I know this is a very debated topic, even on this site, but I still couldn't find an answer to my problem.
Recently I am working with large samples (300, 400 and more). For now, I am trying to use simple techniques, such as correlation, T-tests, and ANOVA, all of which require the normality assumption (from what I have read so far in the textbooks, online etc.) I also read that, if the sample size is large enough, the normality assumption is not so much of a problem and these techniques are robust to the violation of normality. Is normality a problem given my sample size? Should the data be at least bell-shaped, even if the tests fail to accept normality? Or could I get away even with extremely skewed or lumped data when using these techniques?
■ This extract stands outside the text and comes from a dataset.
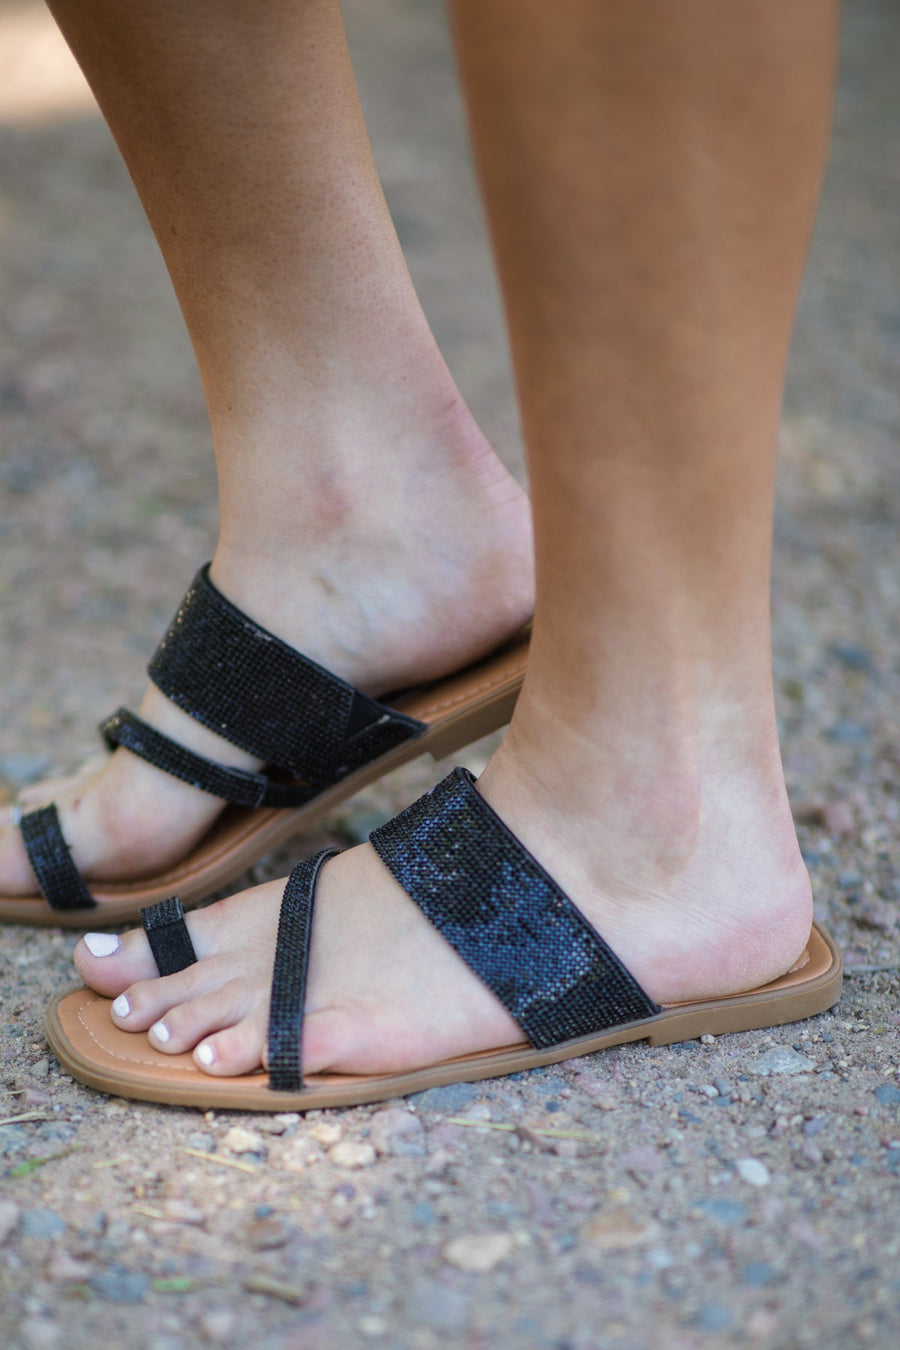 Black Rhinestone Sandals with Toe Strap - Filly Flair

Should I apply parametric techniques or should I just stick to the non-parametric ones, which, from what I know, have lower power?
LATER EDIT for those who want to find more about my data:
I have a variable which represents the number of days a user has been employed in the program (mean=176, median=167, stdev=87, IQR=113, Skewness=0.61, kurtosis=-1.64) sample=340users. The histogram does show that maybe the variable has the potential to split into 'fairly normal' groups (however I have not found this factor).
This is the variable that for now i am trying to explain, in terms of 'The Number of Weeks The User has worked in the first 8 weeks', which takes values from 1 to 8, so I assume it is ordinal, and has a negative skew(most of them have worked 8 weeks out of 8). So, the main question would be is there a relationship between how much a user will stay employed and the amount of work he does in the first 8 weeks?
Also, later I would compare the length of employment with other possible factors, for which currently I don't have the data (education, gender, age, ..)and try to build a more 'elaborate' model, but right now I try to analyse what I have with 'simple' statistics.
For now, I have done a Spearman correlation between length of employment and weeks worked out of first 8, had a coefficient of 0.450 (which means low correlation), so I am trying to see if those who have worked an amount of no of weeks in the first 8 differentiate themselves in terms of length of employment from those who have worked fewer/more weeks. So I studied the distributions of length of employment for each of the groups (a group means a certain no of weeks they have worked in the first 8). In each group I have around 25-40 cases (except weeks worked=0 where I have 9cases and weeks worked=9 where there are 156). The normality test (Shapiro-Wilk, which I knew were suitable with such sample size) showed that only 2 groups out of 9 are normally distributed. So my thought was to drop ANOVA and t-tests and head for Mann-Whitney U Test and Kruskal-Wallis Test. However now I am re-considering maybe looking at ANOVA and t-tests because the groups do not look that non-normal. Thanks.